WHAT YOU HAVE TO DO
Repeat the lines from the one containing "Xe ô tô, Giải" through the end of the listing exactly, both ends included. Do not carry over any pictures.

SOURCE DATA
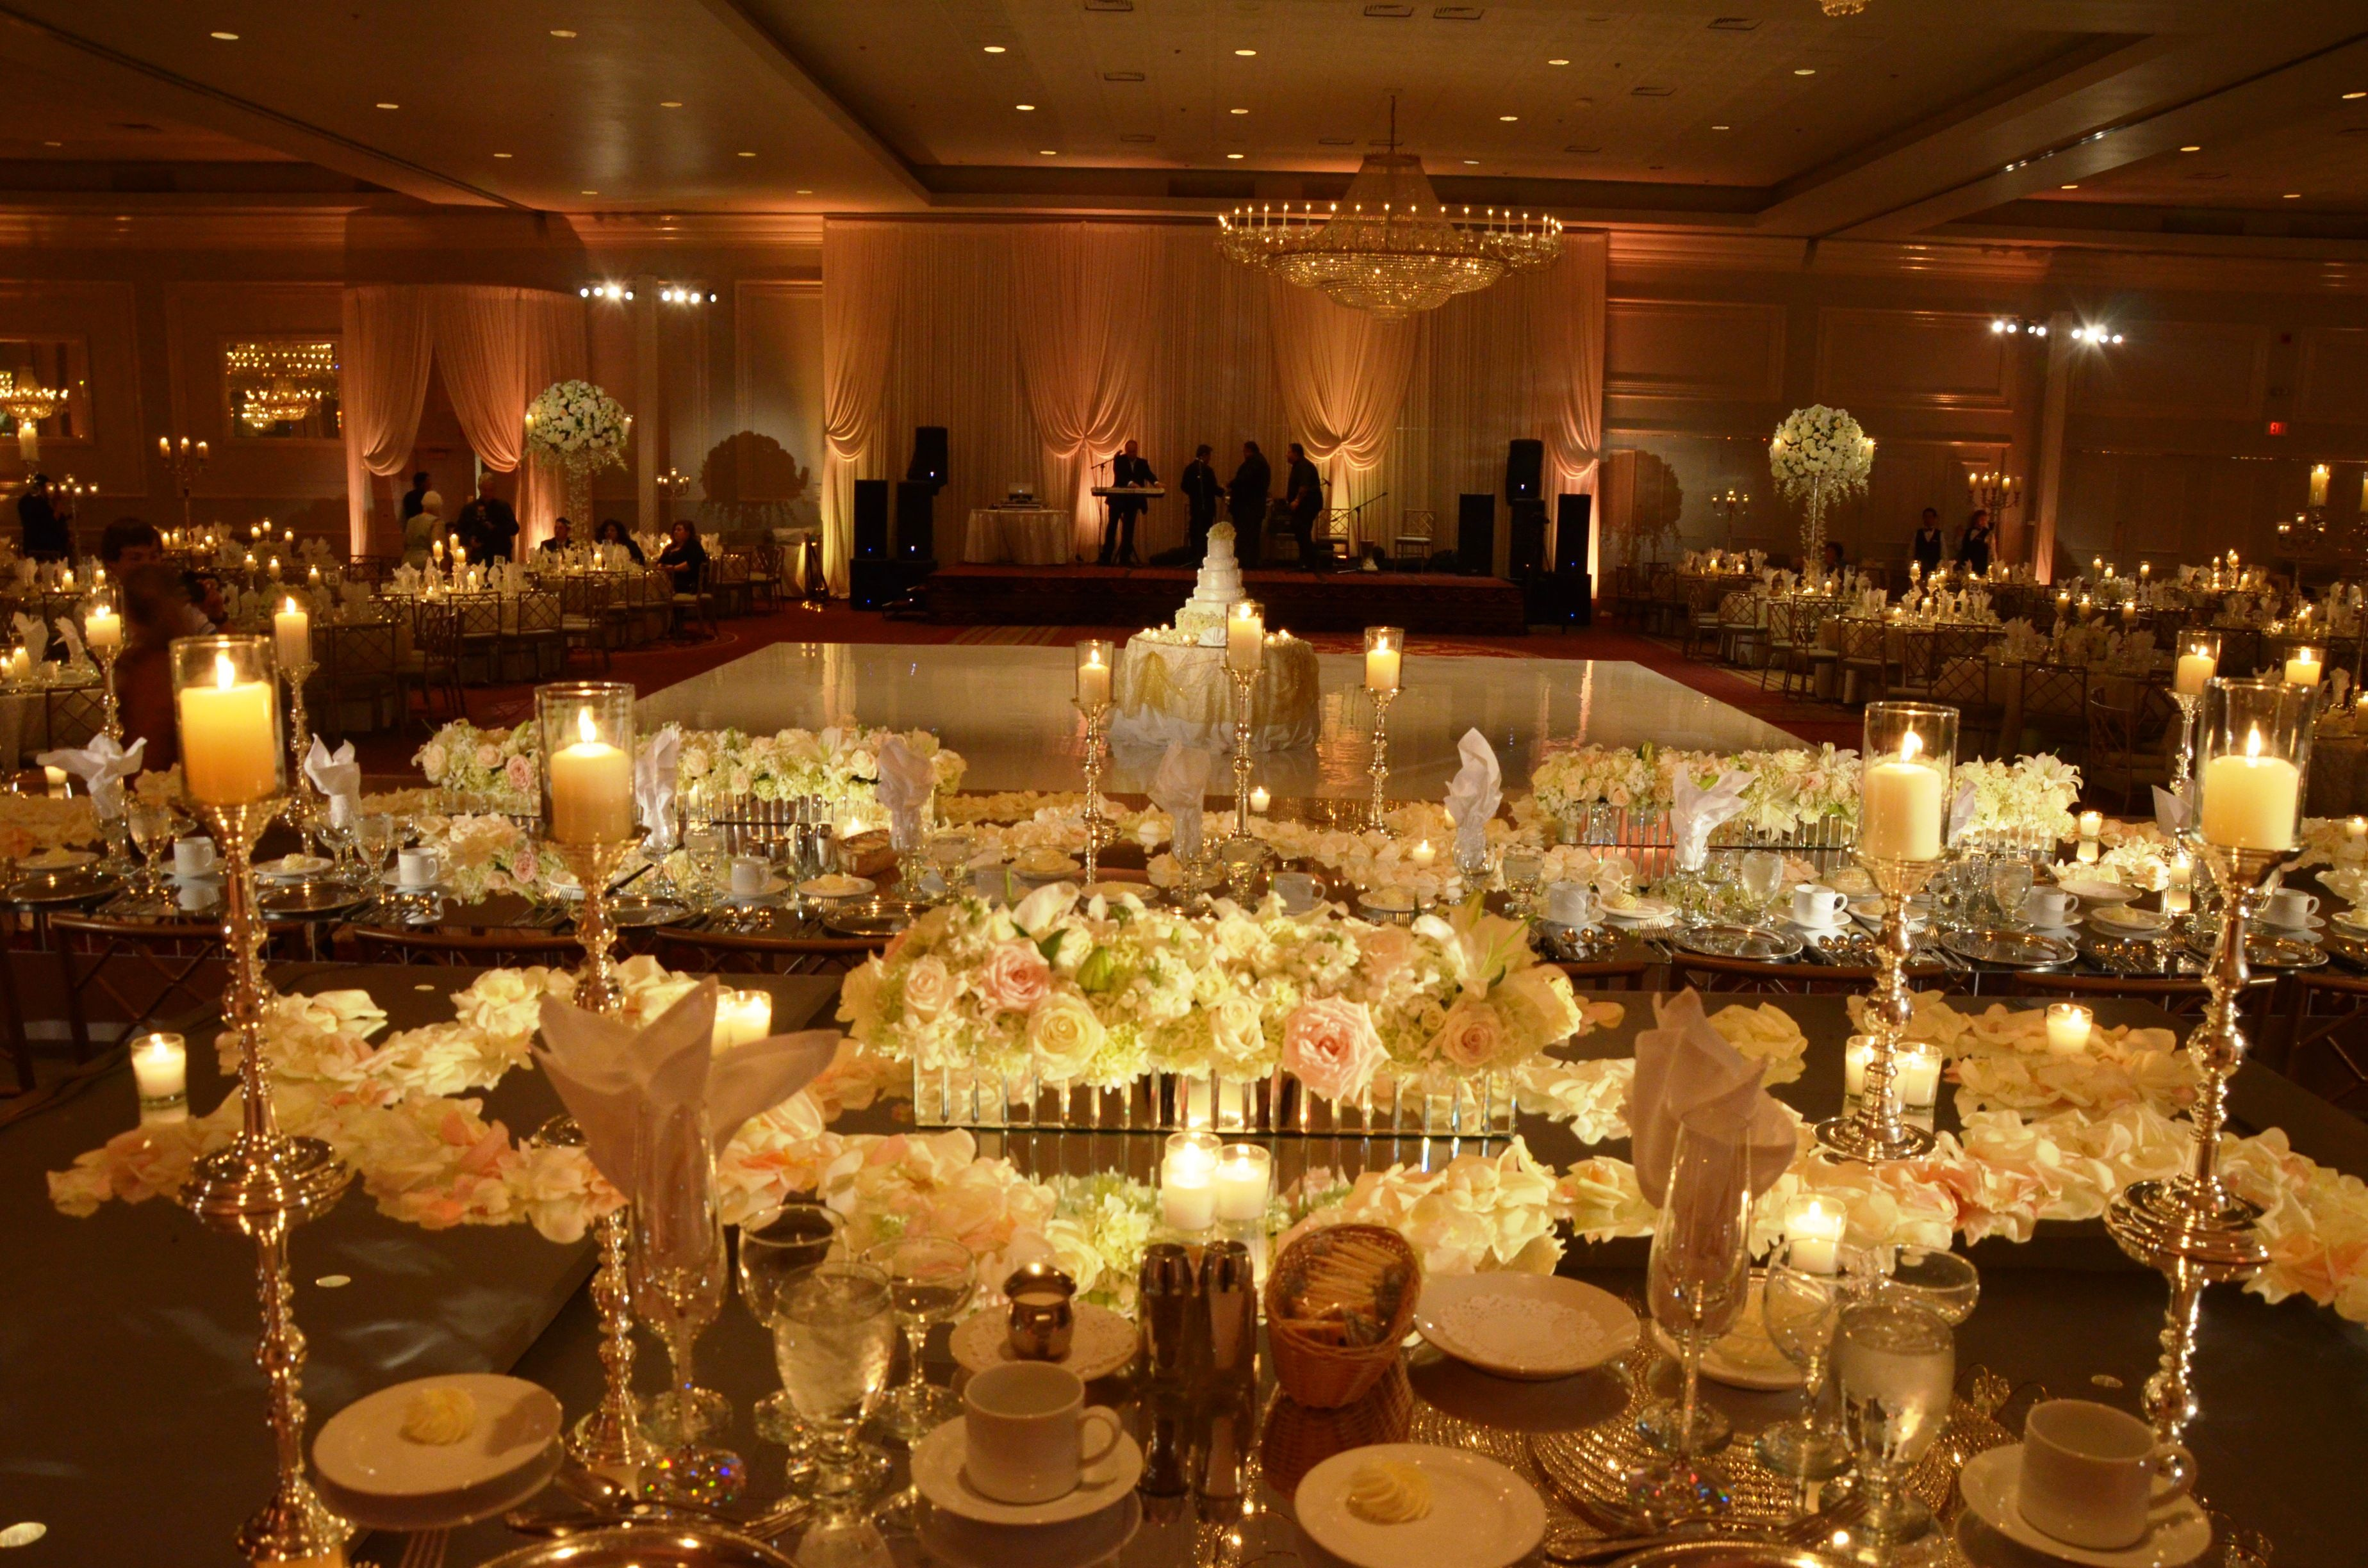 Unforgettable Garden Wedding Decor: Unforgettable Head Table Decor Filled With Fresh Flowers
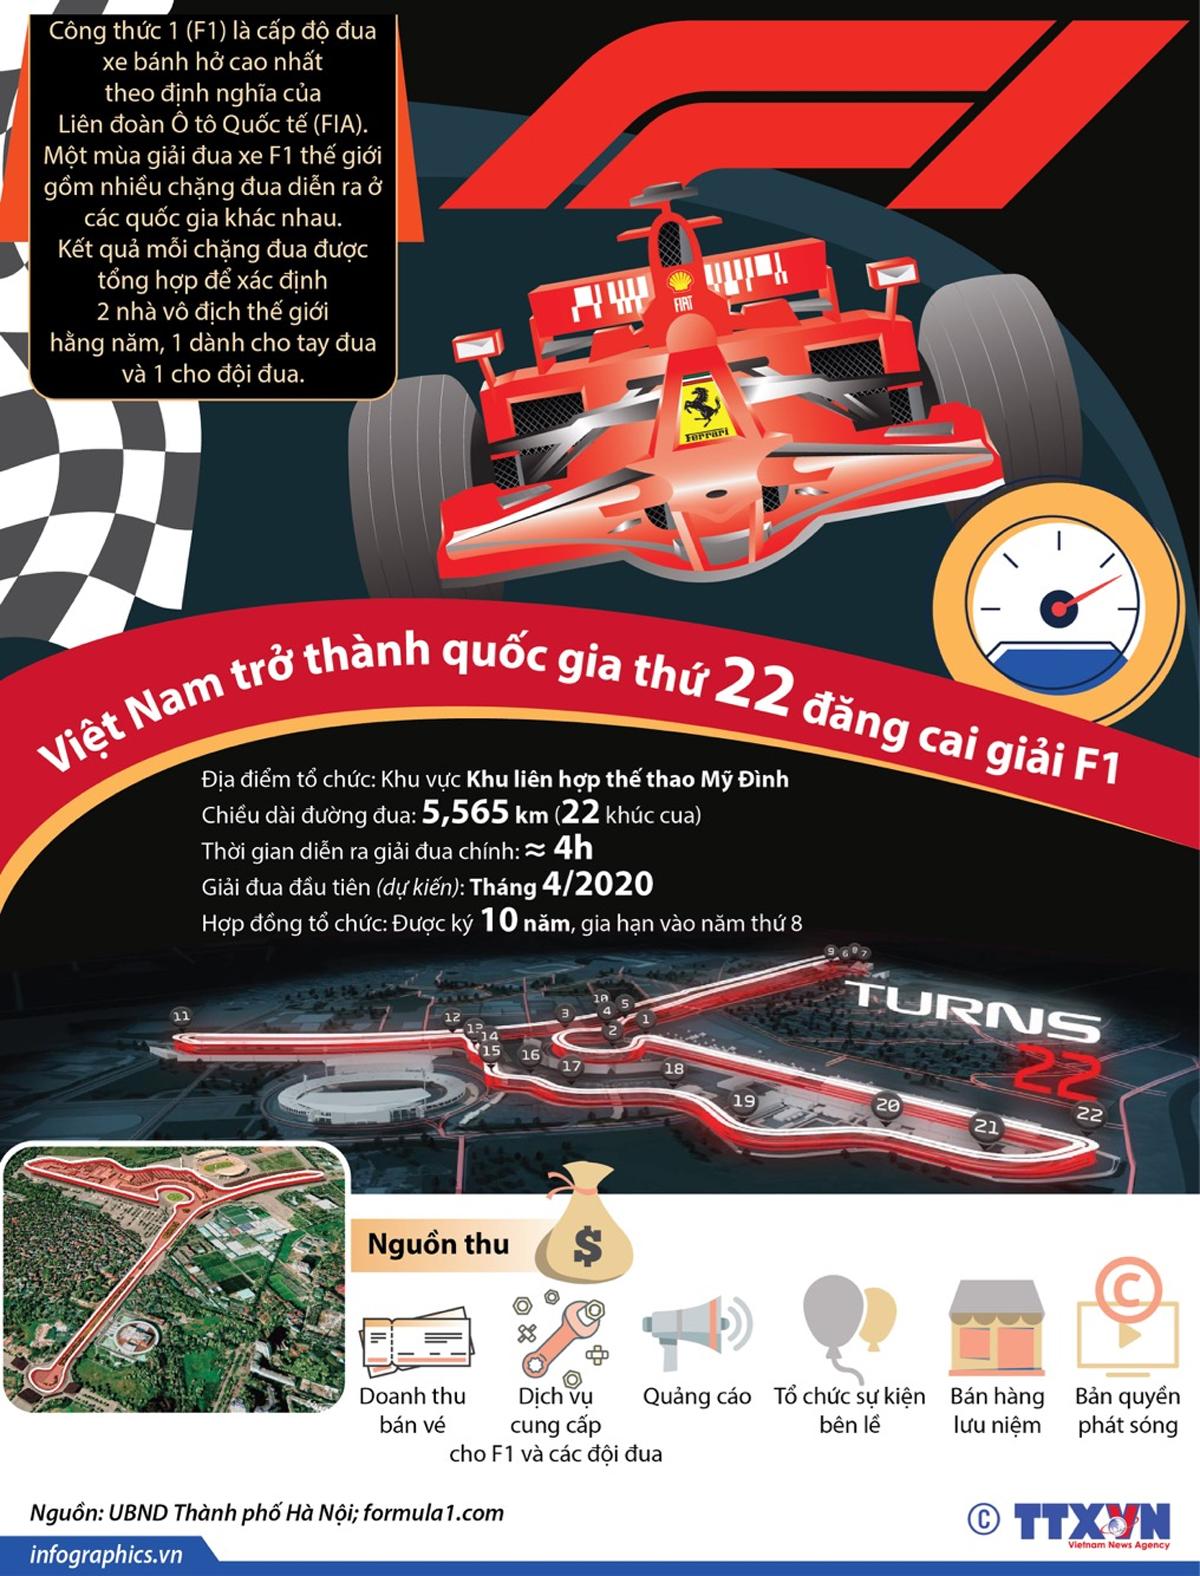 Xe ô tô, Giải đua ôtô công thức 1, F1, Tin quốc tế, Thời sự thế giới, Thông tin quốc tế, Tin tức mới nhất
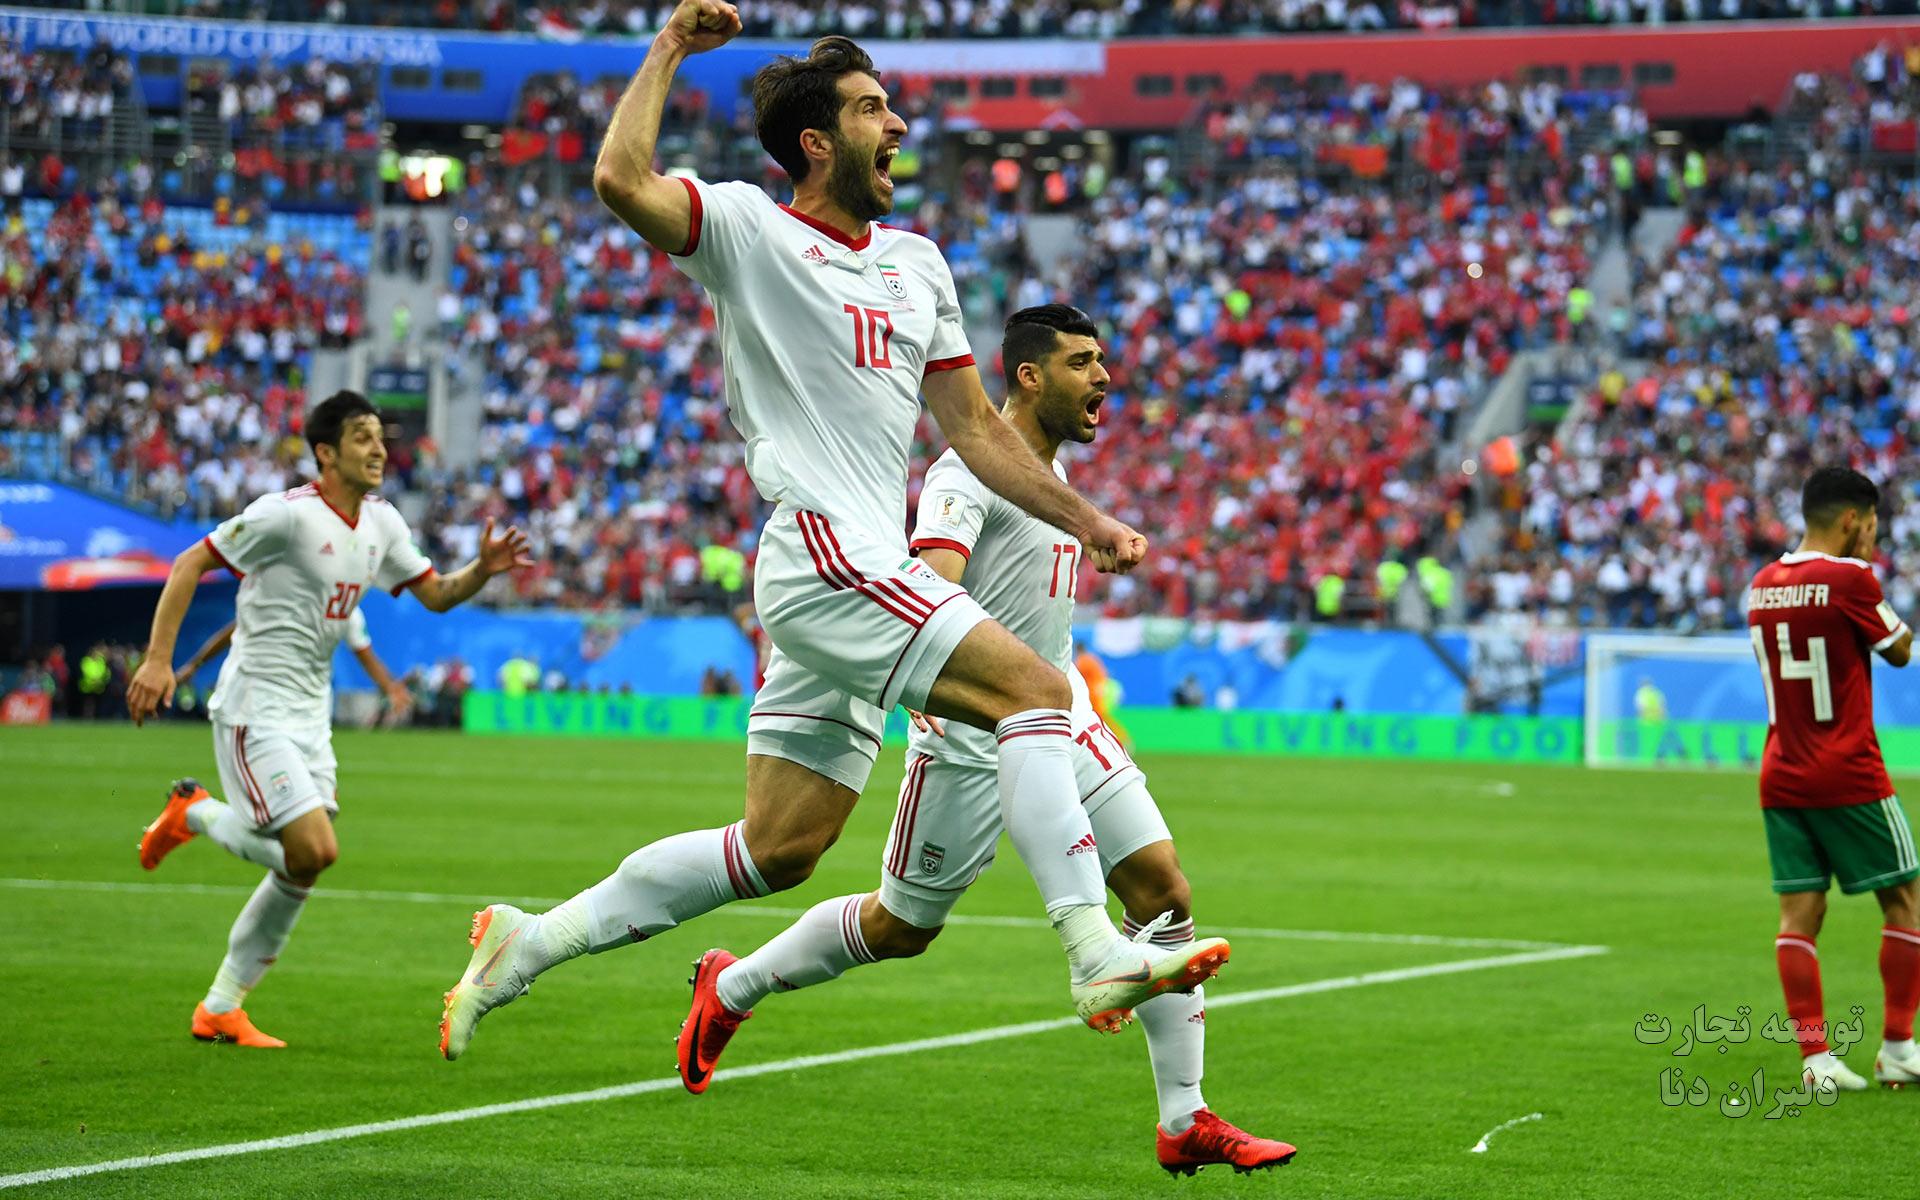 تصاویر با کیفیت تیم ملی فوتبال ایران برای پس زمینه 6

OUTPUT OF THE TASK
 Xe ô tô, Giải đua ôtô công thức 1, F1, Tin quốc tế, Thời sự thế giới, Thông tin quốc tế, Tin tức mới nhất
 تصاویر با کیفیت تیم ملی فوتبال ایران برای پس زمینه 6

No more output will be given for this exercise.